Franziska Hartmann ist seit einigen Jahren Spezialistin für Frauen in Extremsituationen. Für ihre Hauptrolle in dem ARD-Drama "Kalt" (2022) als Erzieherin, deren Leben nach dem Verschwinden zweier Kinder in Scherben liegt, ist sie mit dem Robert-Geisendörfer-Preis geehrt worden, für ihre Verkörperung einer Berufssoldatin, die sich in der ZDF-Serie "Neuland" (2022) um die Kinder ihrer Schwester kümmern muss, bekam sie den Grimme-Preis. Weitere Auszeichnungen gab es für "Sterne über uns" (2019), das Regiedebüt von Ebelt; Hartmann spielt hier eine Frau, die mit ihrem Sohn in den Wald zieht, als sie ihre Wohnung verliert, aber tagsüber ganz normal ihrer Arbeit nachgeht. Die Regisseurin interessiert sich ebenfalls vor allem für Grenzfälle; die beiden Frauen haben sich offensichtlich gesucht und gefunden. 

Ihren zweiten Film, "Monster im Kopf", hat Ebelt ähnlich karg gestaltet: Die Kamera (hier wie dort Bernhard Keller) erzählt die Geschichte nicht, sondern schaut in langen Einstellungen zu, wie Sandra ihr Leben meistert. Meist gelingt das eher recht, manchmal auch eher schlecht.
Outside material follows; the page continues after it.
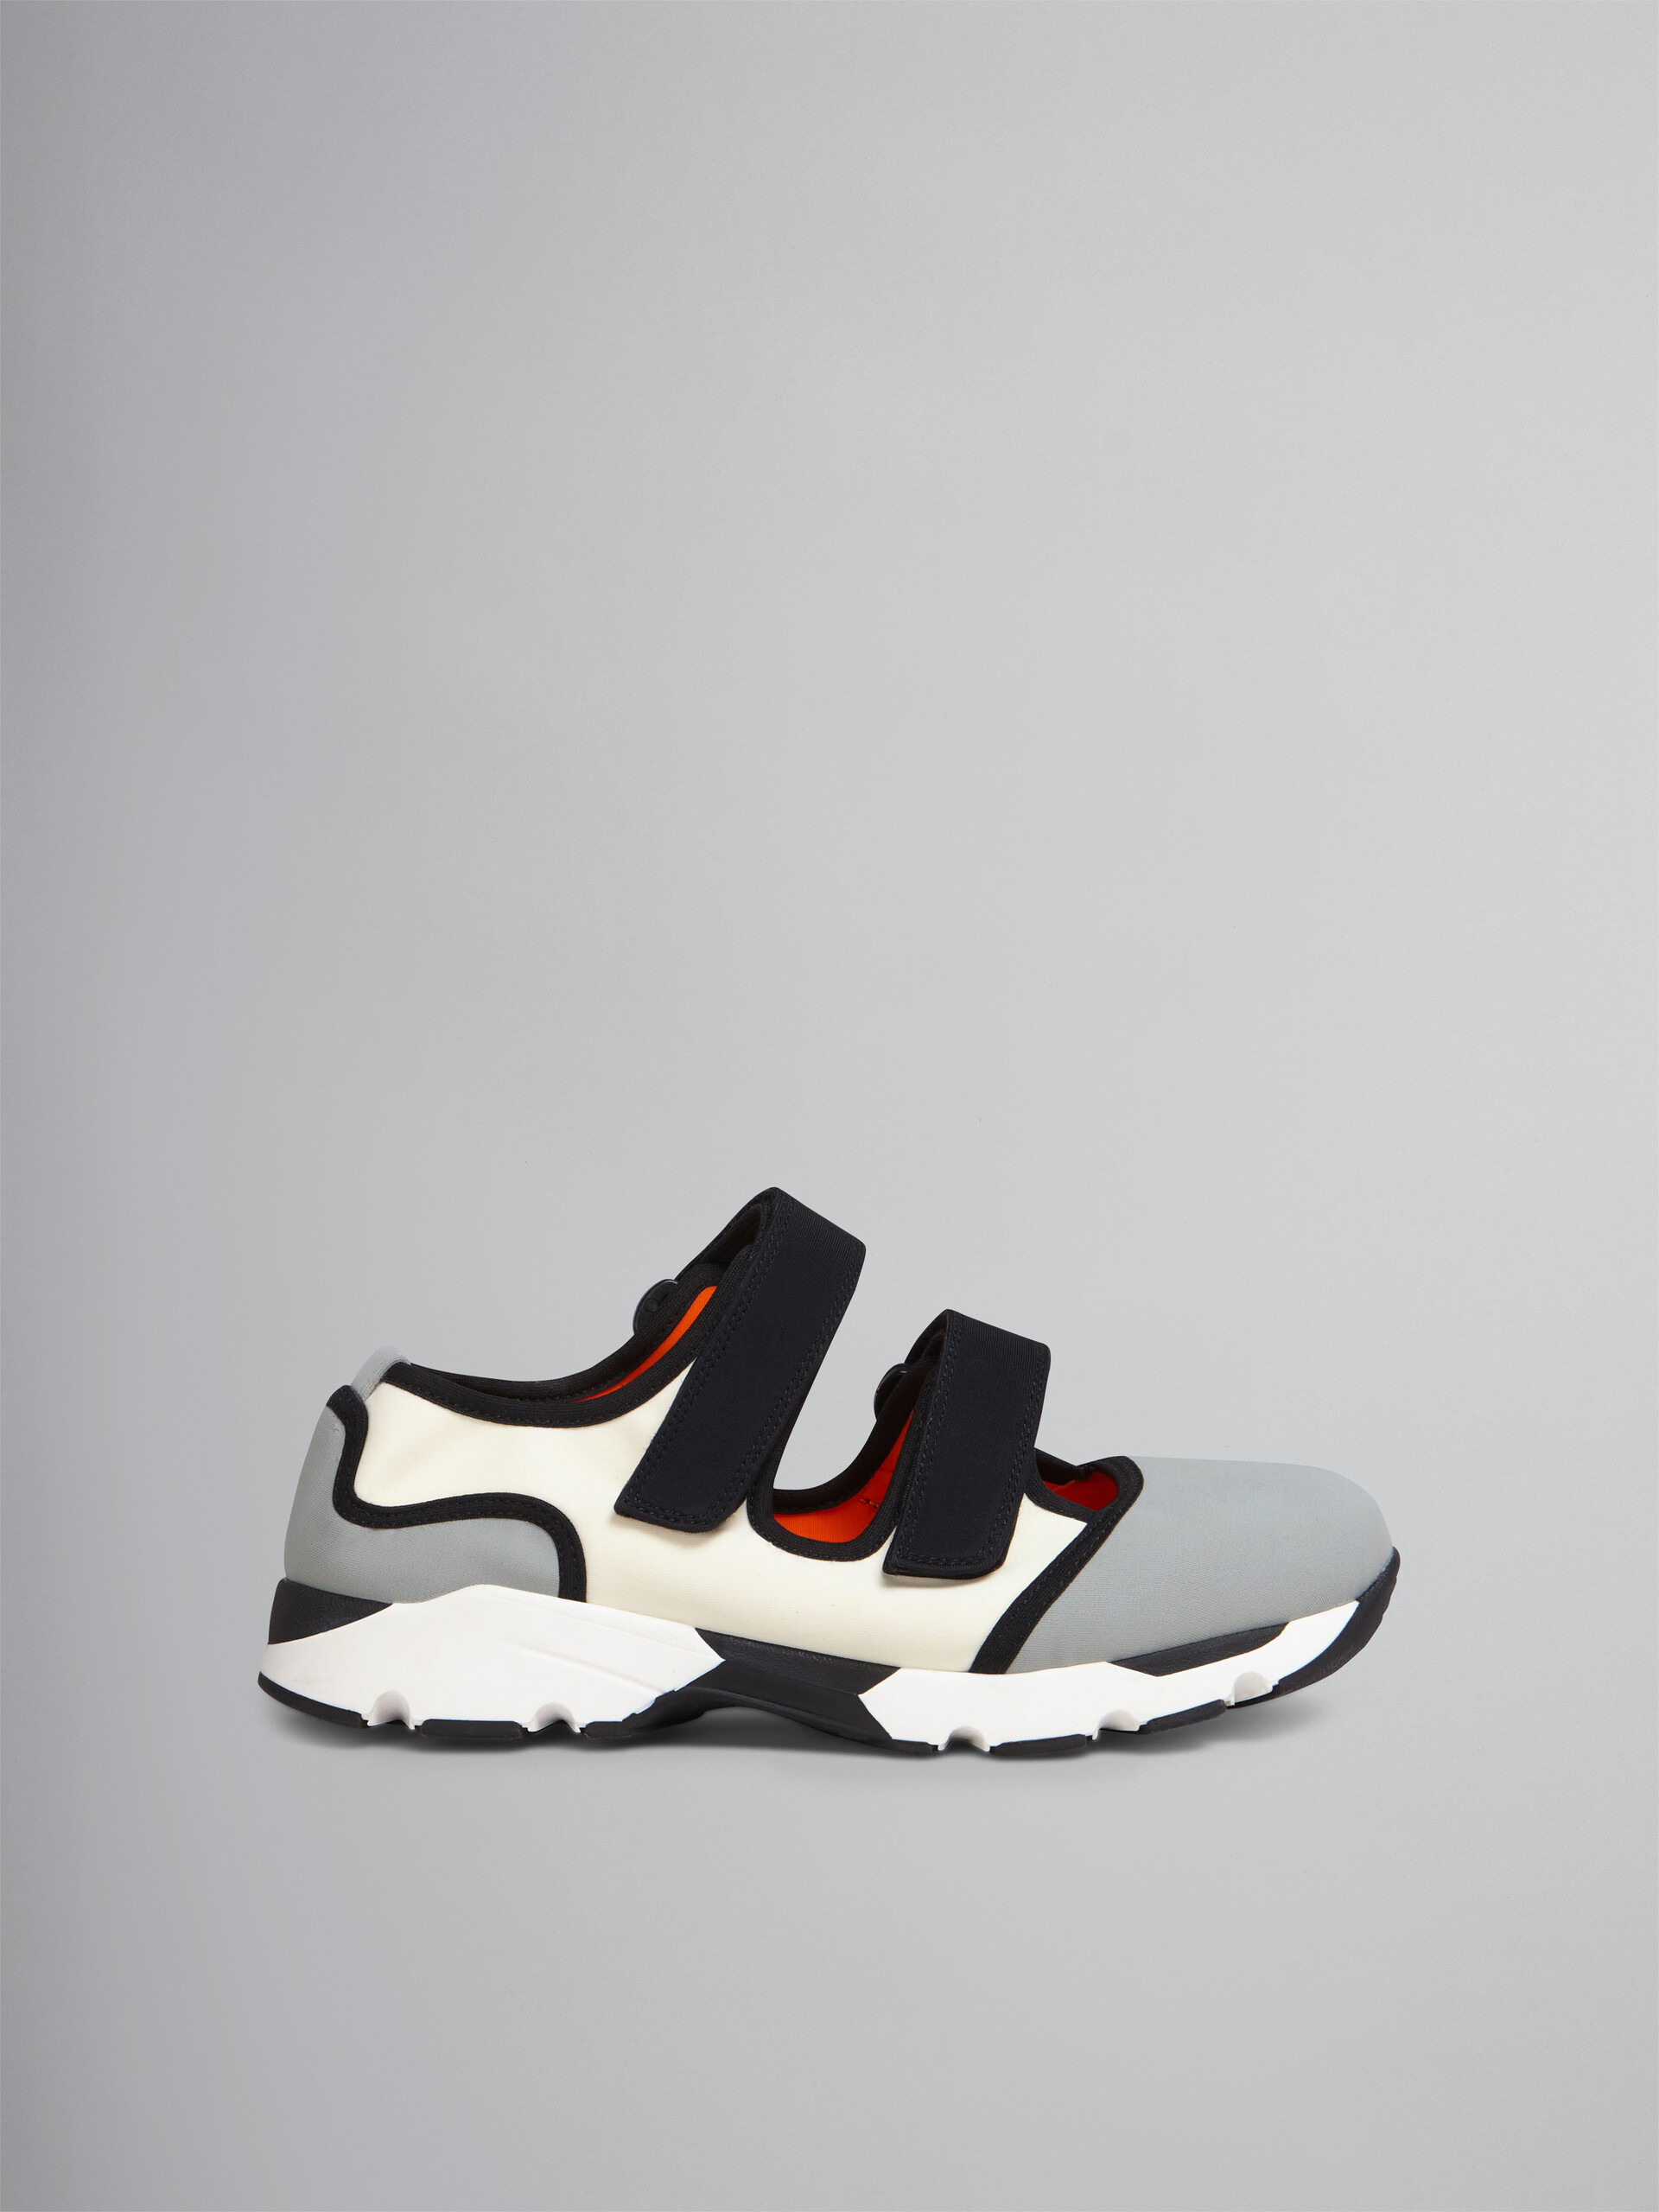 Sneaker in tessuto tecnico con chiusure a strappo grigio e bianco - Sneakers - Image 1
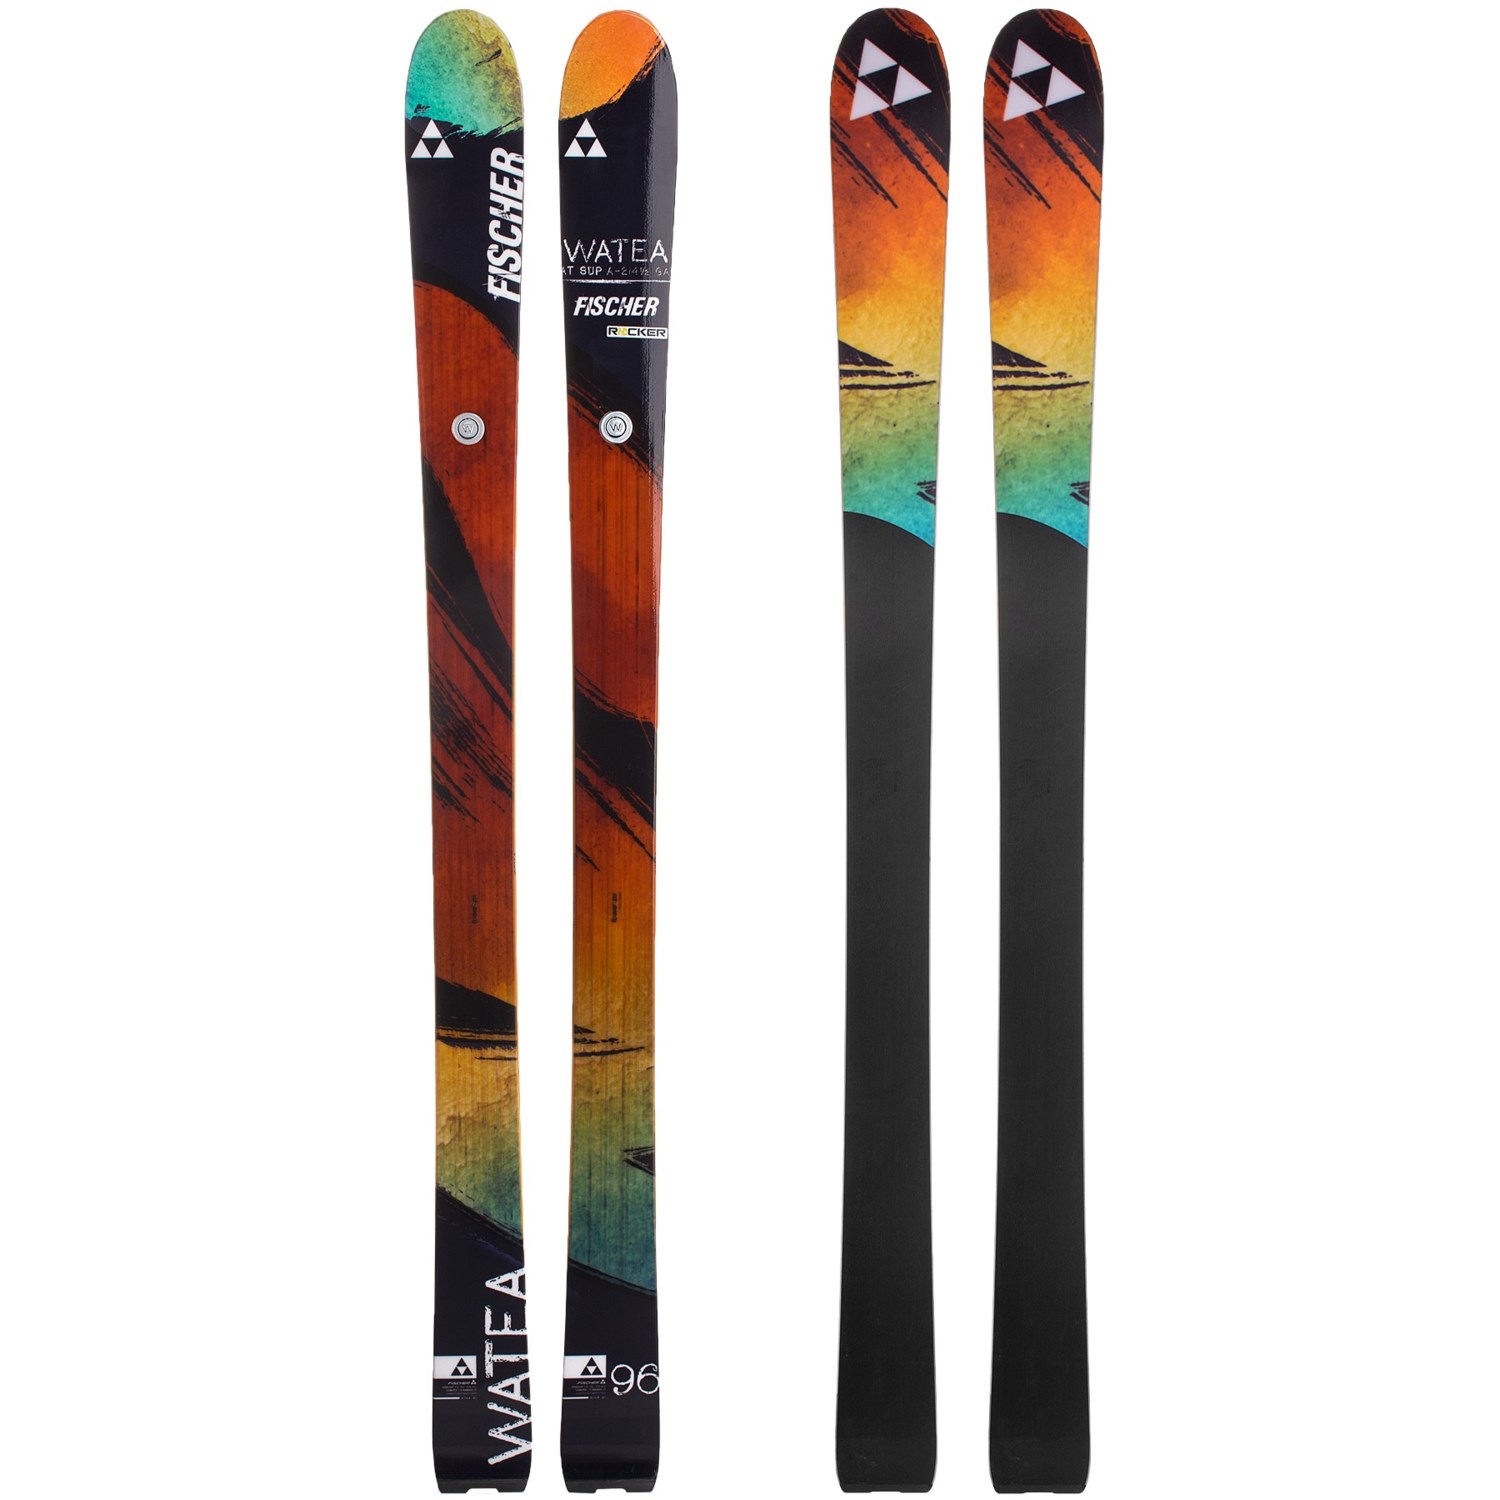 fischer-watea-96-alpine-skis-for-men-in-see-photo~p~7274k_99~1500.2.jpg

Die täglichen Besuche bei ihrer Mutter (Martina Eitner-Acheampong) zum Beispiel sind sichtlich anstrengend; in diesen Szenen zeigt Ebelt, welch’ psychische Belastung es darstellen kann, wenn sich Menschen um ihre pflegebedürftigen Eltern kümmern. Seltene Höhepunkte in Sandras überschaubarem Dasein sind die gelegentlichen Ausflüge mit Miki in die Tuning-Szene. Hier kommt es auch zur ersten Explosion, als sie einen Fahrer verprügelt, der den Motor von Mikis aufgemotztem Rennwagen auf dem Gewissen hat. Damit deutet Ebelt zwar einen möglichen Grund für Sandras Haftstrafe an, aber der ohnehin größtenteils außerhalb des Bildes stattfindende Gewaltausbruch lässt allenfalls im Ansatz erahnen, wozu diese Frau fähig ist. 

Da die Regisseurin ihrem Stil konsequent treu bleibt, ist die erst gegen Ende offenbarte Tat von einer erschütternden Grausamkeit. Schonungslos und ungeschnitten dokumentiert der Film, wie quälend lang es dauert, einen Menschen ohne Waffe umzubringen. Sandras Wut schlägt zwar umgehend in Verzweiflung um, als ihr klar wird, was geschehen ist, aber nun zeigt sich, wie klug es war, dass Ebelt ihre Geschichte nicht chronologisch erzählt hat.

Hartmann, die in ihren Rollen ohnehin keinen Wert darauf legt, dass ihr die Sympathien zufliegen, verkörpert Sandra mit Ausnahme der Wutausbrüche und der Momente mit Miki betont verschlossen. Einmal zeigt der Film die Frau allein beim Essen in der Kantine; bis auf den Freund und die Mutter scheint sie keine sozialen Kontakte zu haben. Trotzdem gelingt der Schauspielerin das Kunststück, Empathie für Sandra zu wecken; das hätte vermutlich nicht funktioniert, wenn sich die Tat bereits zum Auftakt ereignet hätte. Der Hauptdarstellerin ist es auch zu verdanken, dass das Drama Film selbst dann fesselt, wenn im Grunde nichts passiert, was recht oft der Fall ist, wenn die Kamera Sandra wieder mal einfach bloß beim Denken beobachtet. Franziska Hartmann hat für ihre Rolle 2024 den Deutschen Schauspielpreis bekommen.